DETAILED DESCRIPTION OF THE INVENTION

[0040] Preferred embodiments of the present invention will be described hereinafter with reference to the accompanying drawings.

[0041] FIG. 1 is a schematic block diagram showing the arrangement of a hypertext analysis apparatus to which a hypertext analysis method according to the first embodiment of the present invention is applied and in which a hypertext analysis program is installed.

[0042] Hypertext 3 that links a plurality of pages 2 with each other is formed in a Web server 1 as a network server connected to the Internet (not shown). Arbitrary users can access (visit) respective pages 2 of the hypertext 3 formed in the Web server 1 using their computers connected to the Internet via the Internet.

[0043] When an arbitrary user accesses (visits) each page 2, a page number or URL (uniform resource locator) of that page, which specifies the page, access (visit) time, and the IP address of the computer of the access user, which specifies the access user are time-serially written in a log file 5. That is, the log file 5 stores access history information 4 to respective pages 2 of the hypertext 3.

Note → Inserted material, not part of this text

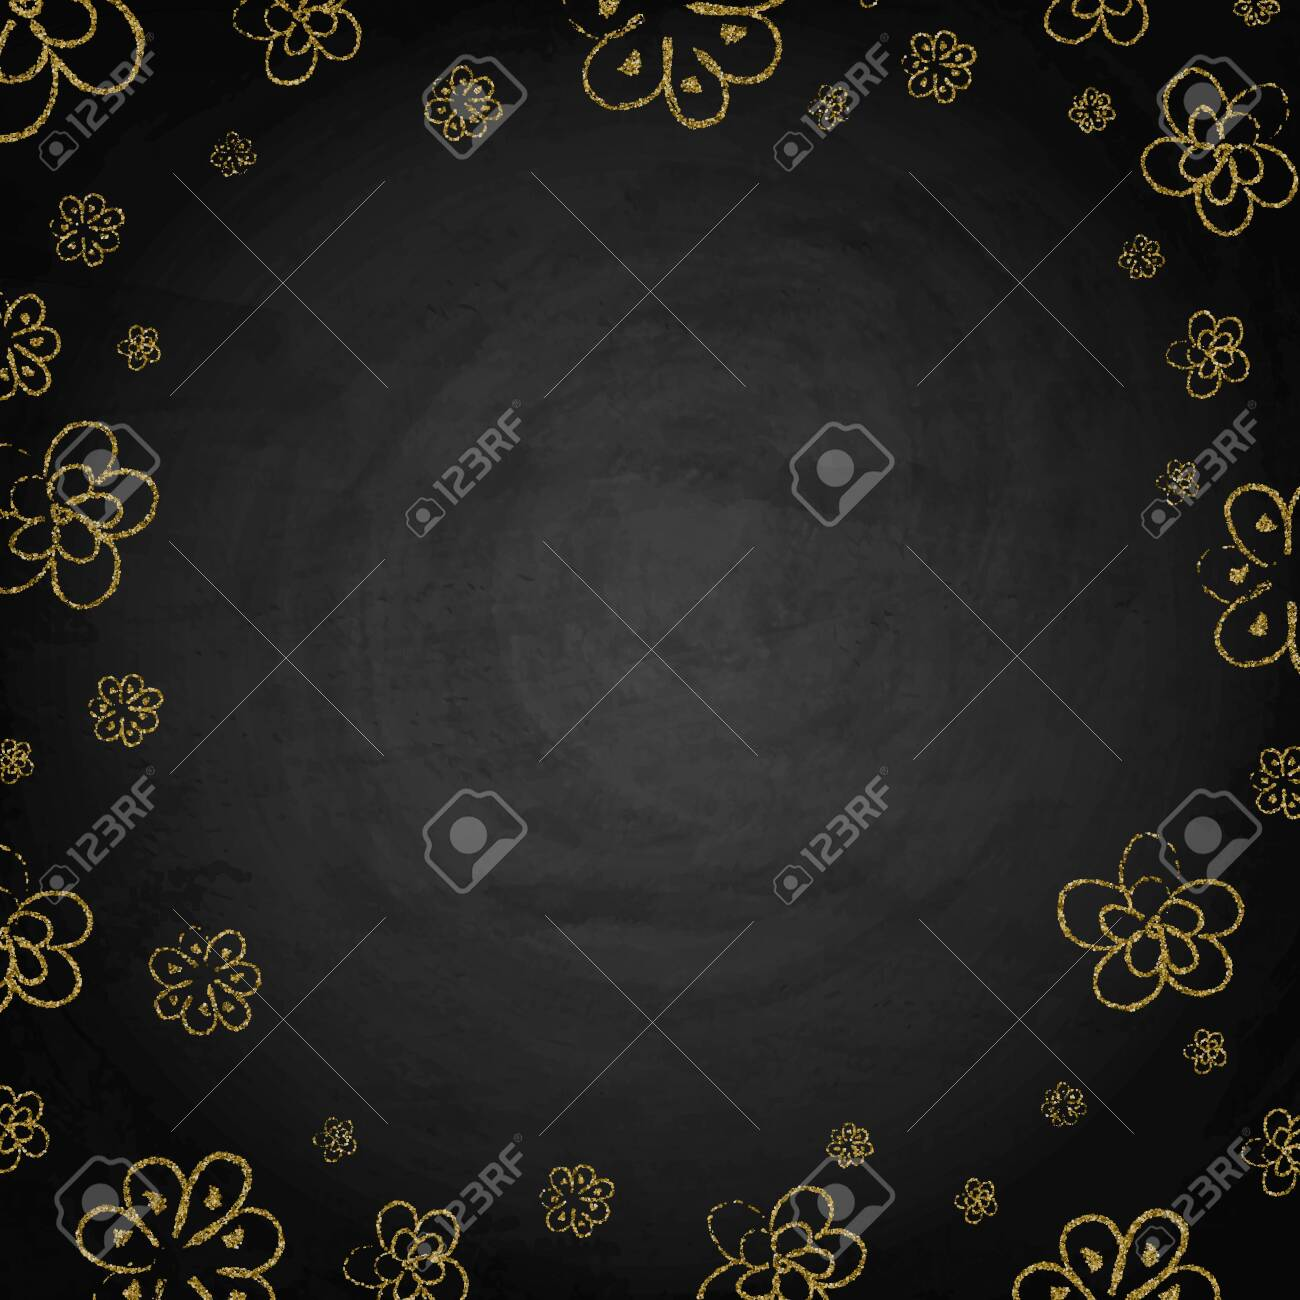 Handdrawn golden flowers on blackboard chalkboard background. Vector illustration - 124306039

[0044] A hypertext analysis apparatus 6, which comprises a computer connected to the Web server 1, includes an input unit 7, target page setting unit 8, session generator 9, transition page sequence generator 10, determination unit 11, and access count/success ratio calculator 12, which are implemented in an application program. Furthermore, a display unit 13 is built in the hypertext analysis apparatus 6.

[0045] The input unit 7 reads out the access history information 4 stored in the log file 5 in the Web server 1, and outputs it to the target page setting unit 8 and session generator 9.

[0046] The target page setting unit 8 sets, as a target page, a page 2 which is contained in the access history information 4, i.e., a page 2 which is to be visited (accessed) by visitors (access users) of those contained in the hypertext 3, and outputs that target page to the determination unit 11. The target page is designated by operation of an operator (administrator) of the hypertext analysis apparatus 6.

[0047] The session generator 9 divides the input access history information 4 into sessions each indicating a series of access pages of a given visitor by it into visitors (access users), and outputs page sequences of the divided sessions to the transition page sequence generator 10. Note that each visitor (access user) is identified by, e.g., the IP address of his or her computer, as described above.

[0048] The transition page sequence generator 10 rearranges the page sequence of each session input from the session generator 9 in an order of transition, and outputs it to the determination unit 11. FIG. 3 shows sessions 14 which include page sequences in the order of transition. As shown in FIG. 3, each session 14 includes a plurality of successively accessed pages 2 in the order of transition (order of access).

[0049] The determination unit 11 compares the transition-order page sequences for respective sessions 14 transmitted from the transition page sequence generator 10 with the target page transmitted from the target page setting unit 8 to check if each session 14 includes the target page. The determination unit 11 determines a session 14 which includes the target page as a successful session, and a session 14 which does not include the target page as an unsuccessful session. The determination unit 11 outputs the transition-order page sequences for respective sessions 14 and determination results to the access count/success ratio calculator 12.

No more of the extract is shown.